Pictures stay out of the answer, but every line of the material must be restated exactly.

▶ _Data_
···

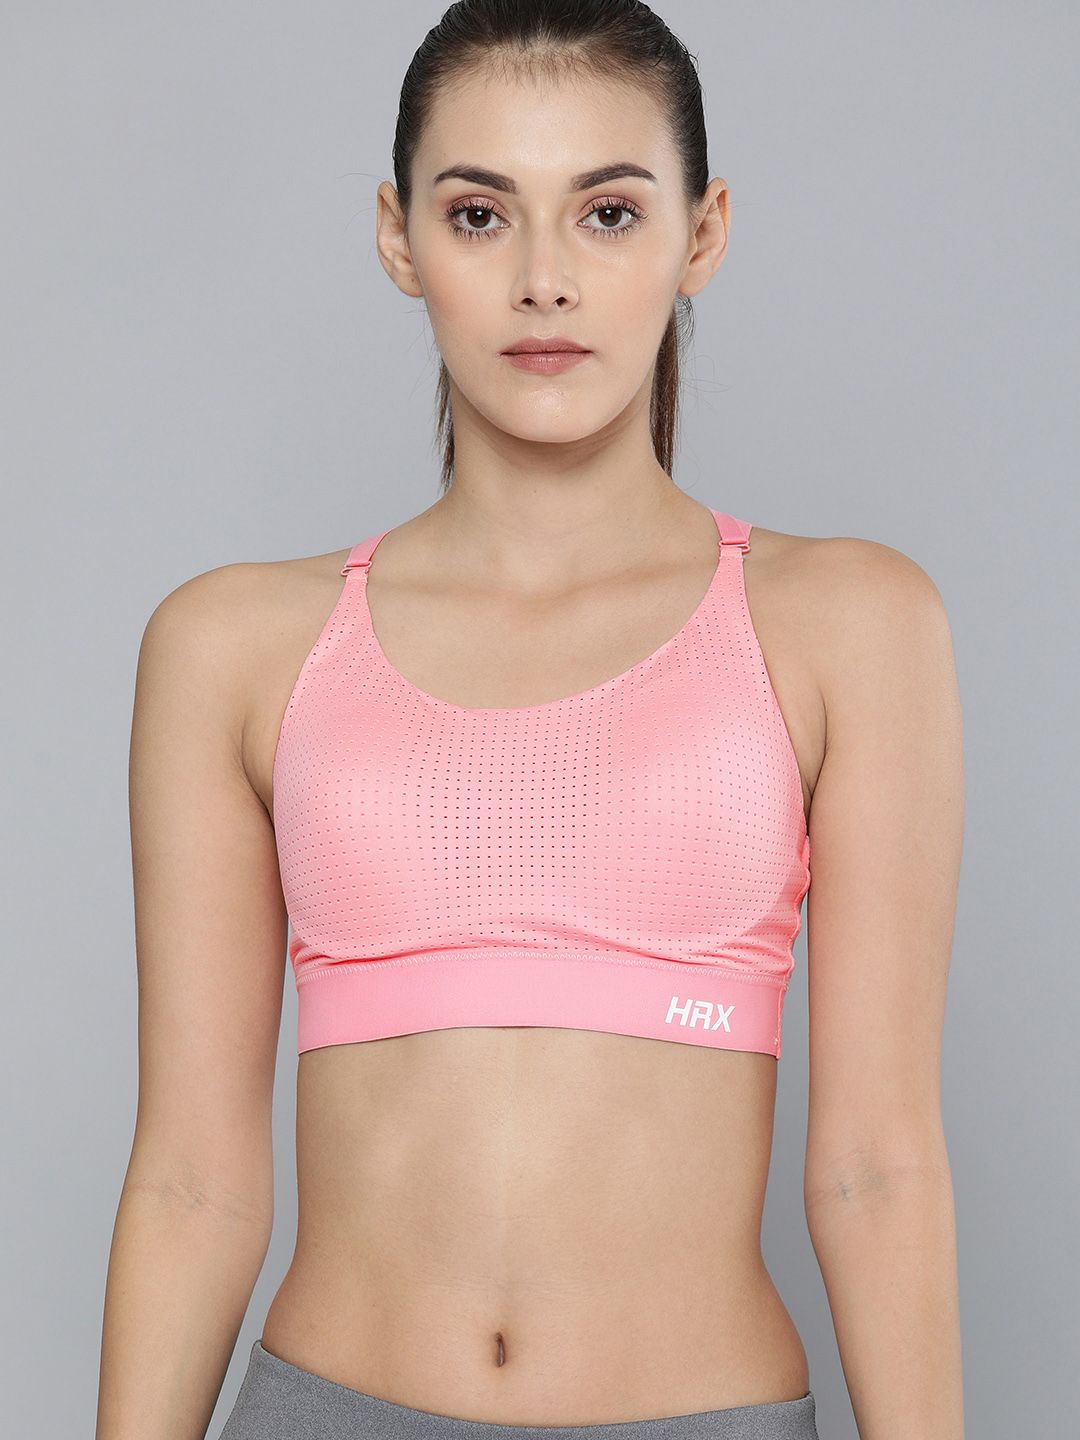 Buy Jockey Pink Slip-On Active Sports Bra 1376 on Myntra
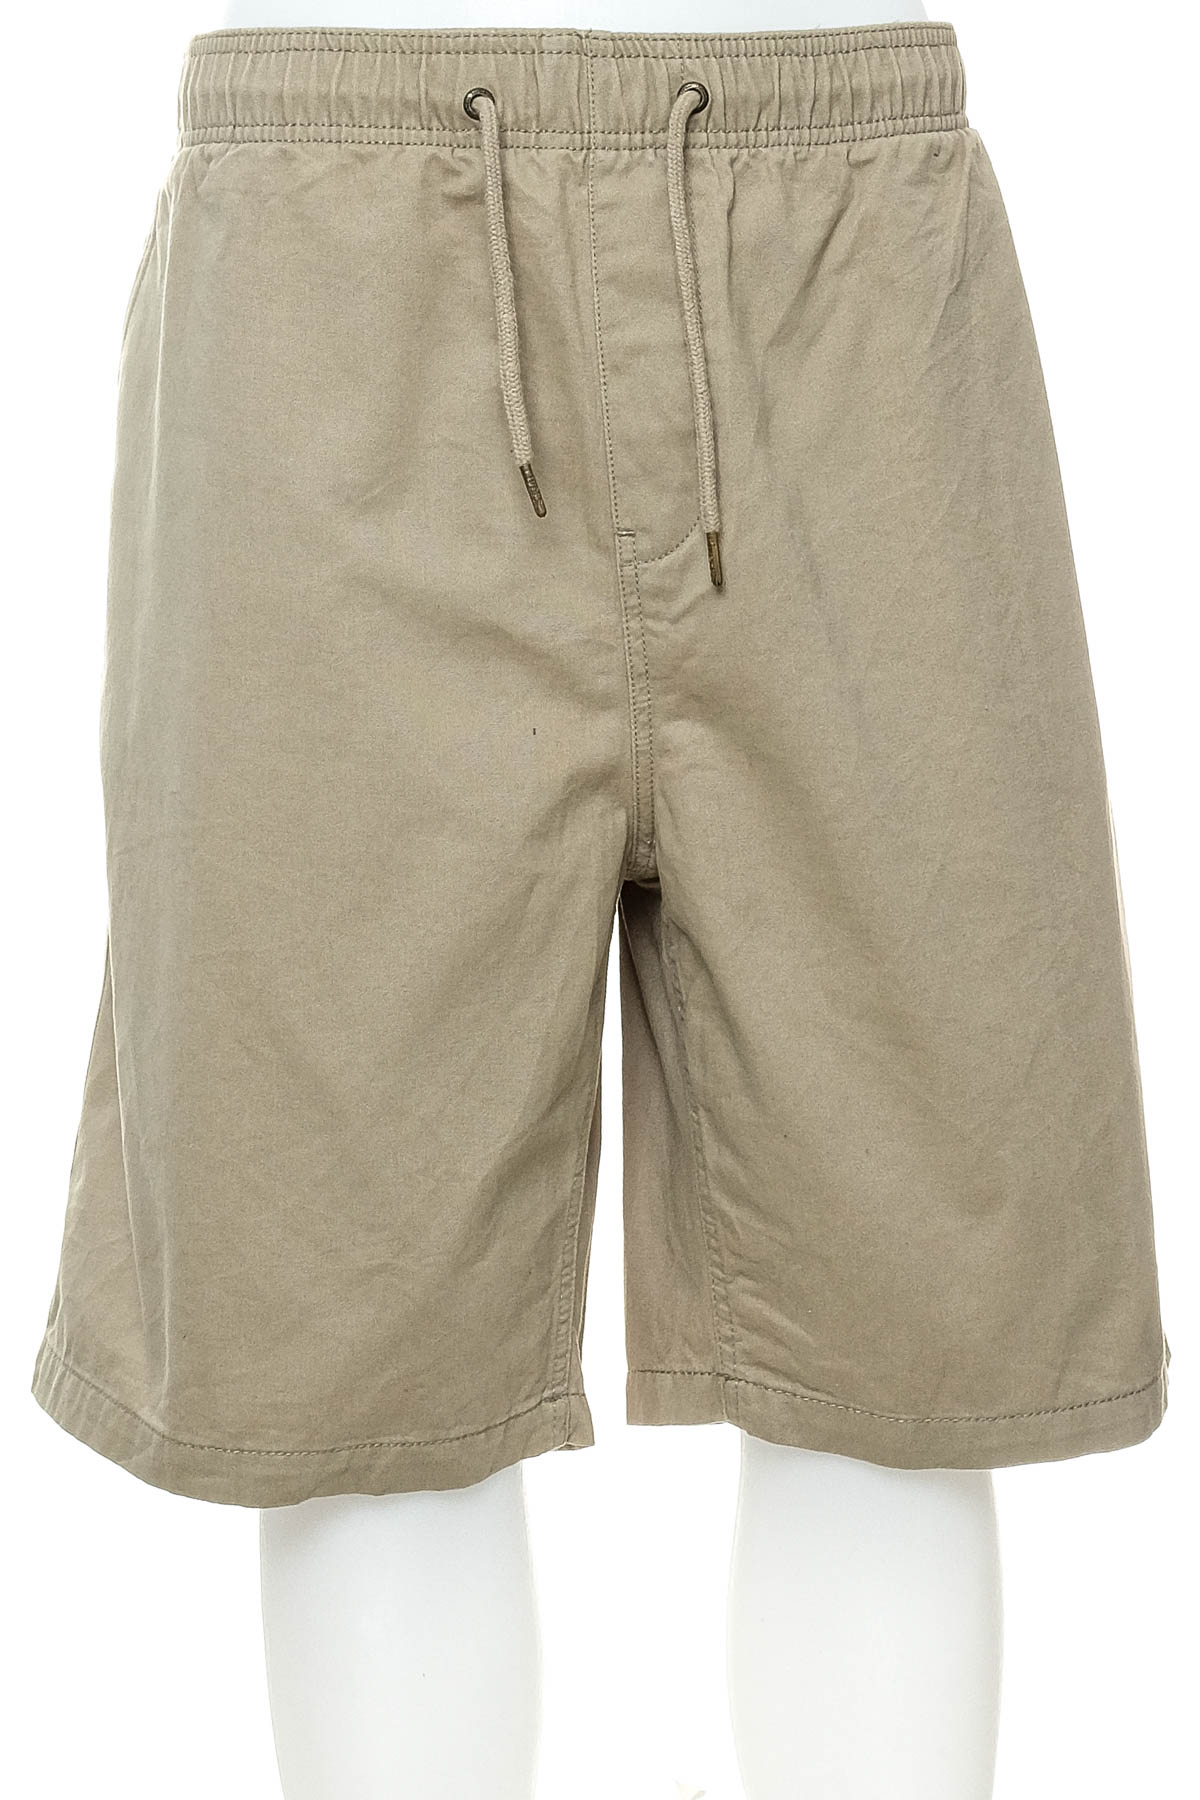 Men's shorts - Rivers - 0
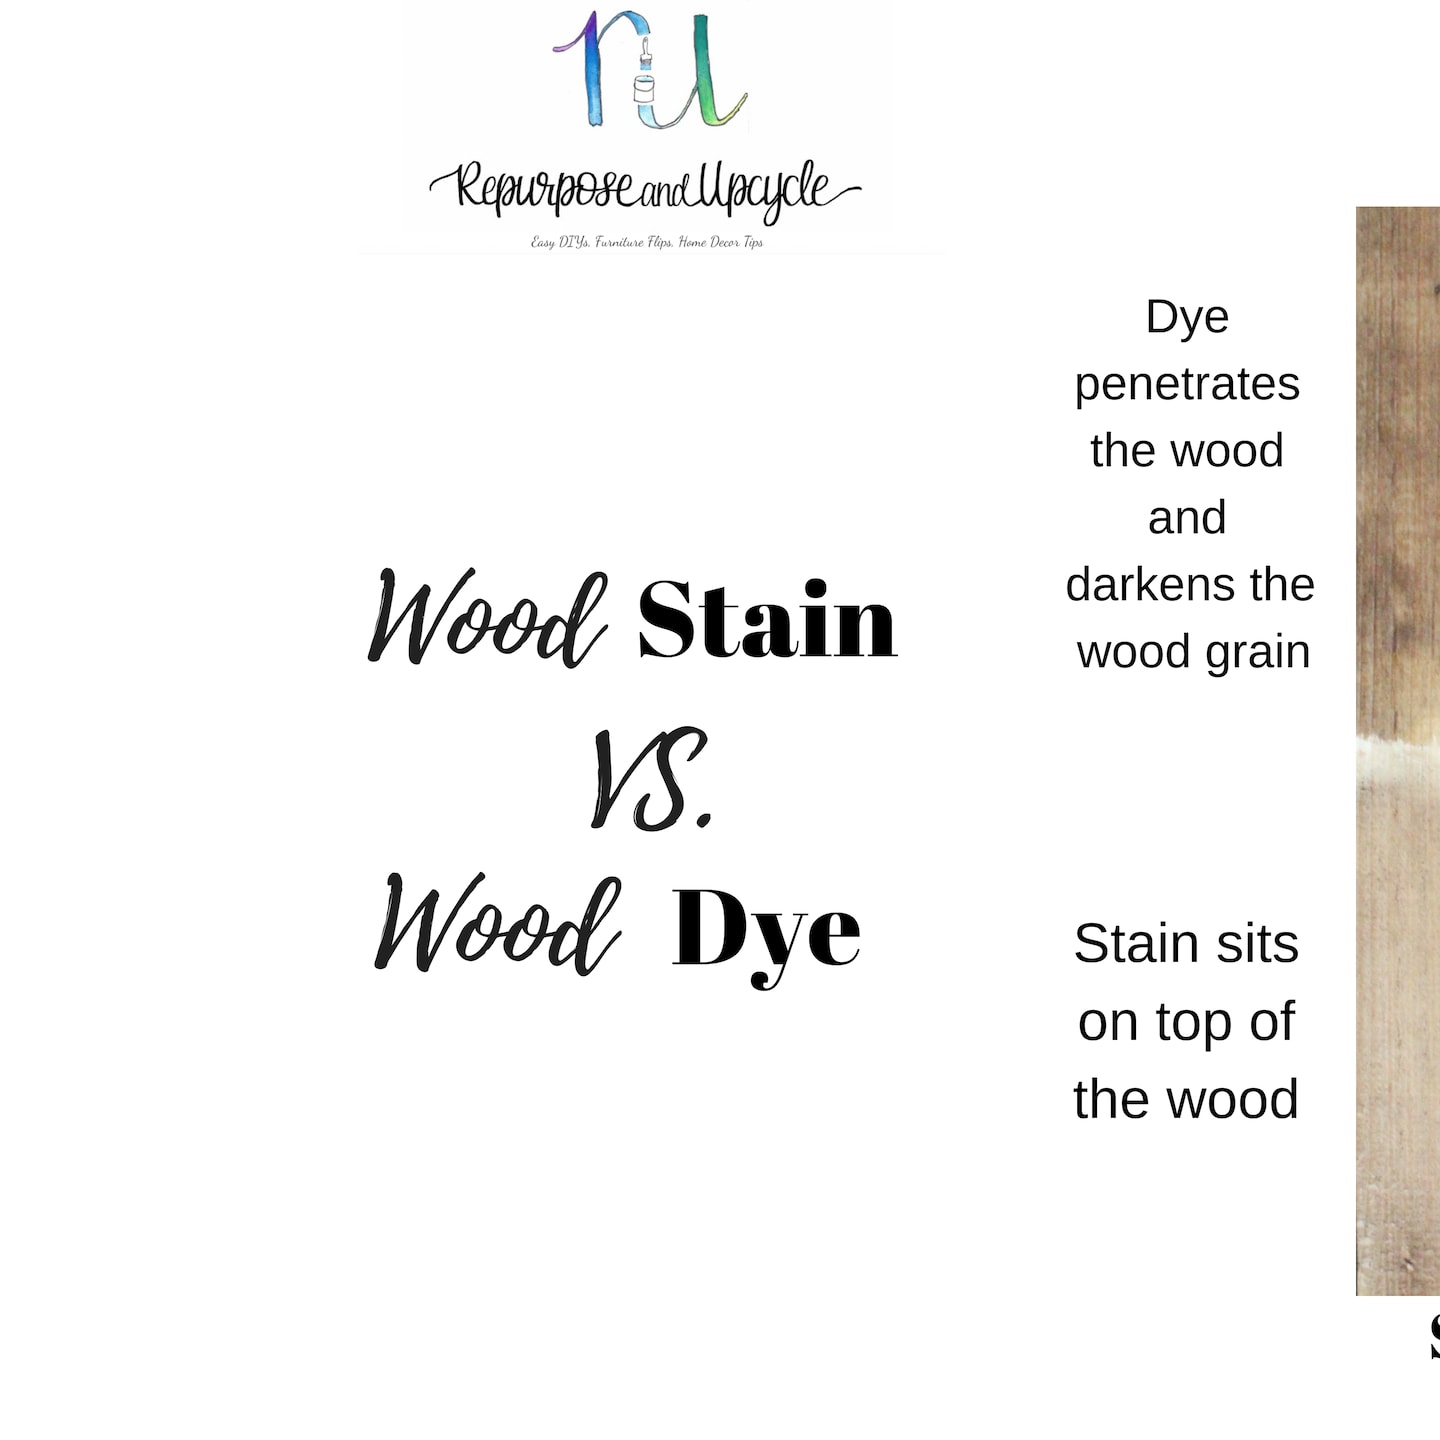 Transtint Wood Dyes vs. Rit Fabric Dyes
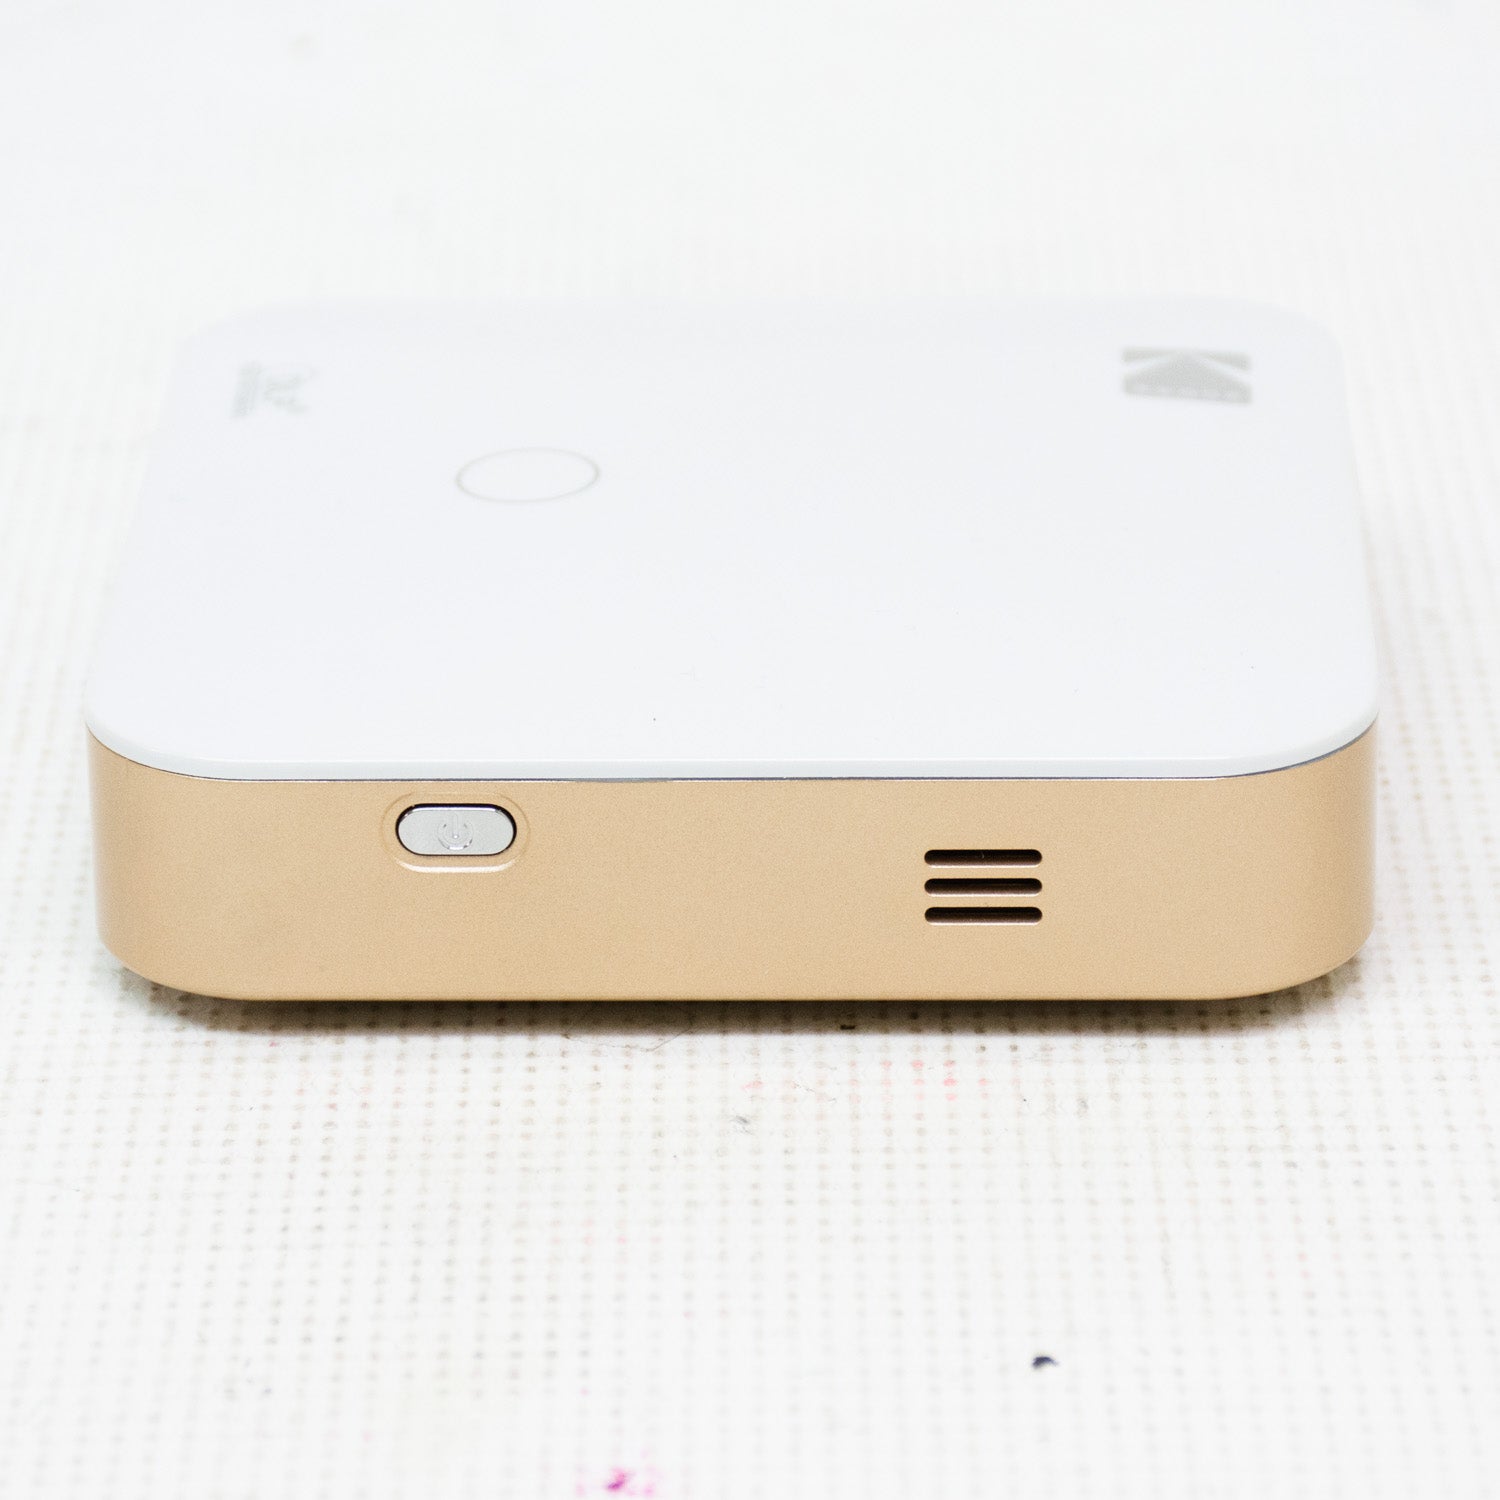 Kodak Luma 350 Portable Smart Projector - White/Gold

···

▶ _Written response_
 Buy Jockey Pink Slip-On Active Sports Bra 1376 on Myntra
 Men's shorts - Rivers - 0
 Transtint Wood Dyes vs. Rit Fabric Dyes
 Kodak Luma 350 Portable Smart Projector - White/Gold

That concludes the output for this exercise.